An efficient MgO-stabilized CaO sorbent via the citric acid treated dolomite coupled with carbonization process (denoted as carbon coating) was developed for CO2 capture at high temperature. The citric acid was used as a carbon source to produce the coated carbon, which was expected to effectively prevent the crystallites (CaO and MgO) from sintering. The original dolomite and citric-acid-treated dolomite with subsequent calcination in air were also prepared for comparison. Different characterizations (thermal decomposition, phase composition, morphology, and nitrogen adsorption) were performed. The cyclic-CO2-capture performance was tested in a fix-bed reactor.
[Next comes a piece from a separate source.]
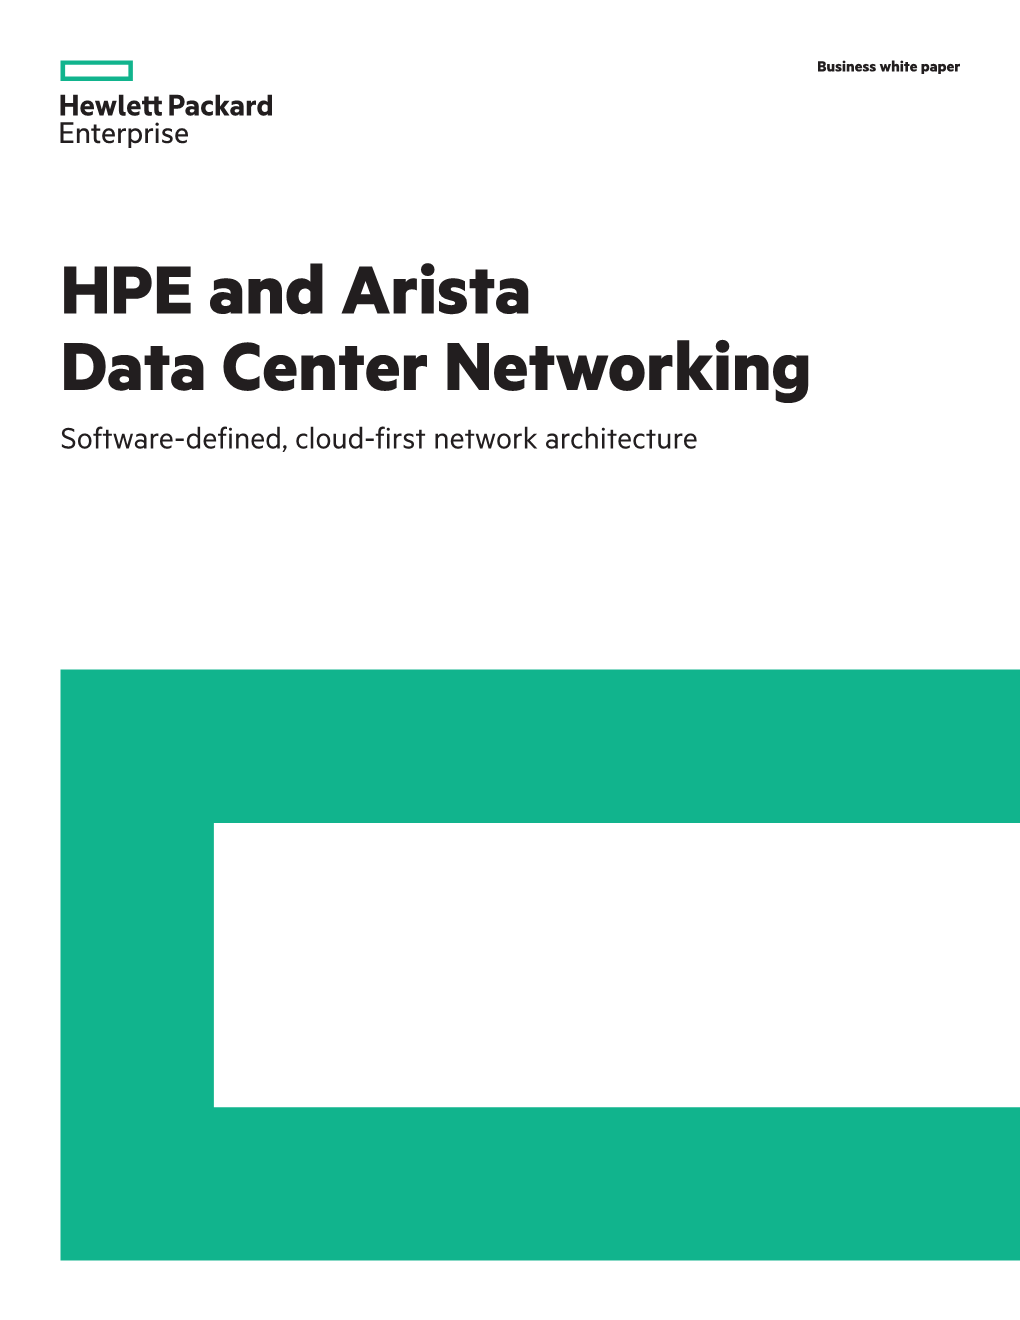 HPE and Arista Data Center Networking Software-Defined, Cloud-First Network Architecture Business White Paper

During the carbonization in N2 atmosphere, the acidified dolomite transformed into carbon-coated, Mg-doped calcite, which could control thermal sintering and prevent the de-mixing of CaO and MgO in the secondary calcination step in air. Thus, the sorbent prepared using carbon coating achieved smaller grains, larger specific surface area and pore volume and more uniform distribution of CaO and MgO, which led to its superior activity and stability, compared to two reference sorbents.

Suggested Citation

  • Wang, Ke & Hu, Xiumeng & Zhao, Pengfei & Yin, Zeguang, 2016. "Natural dolomite modified with carbon coating for cyclic high-temperature CO2 capture," Applied Energy, Elsevier, vol. 165(C), pages 14-21.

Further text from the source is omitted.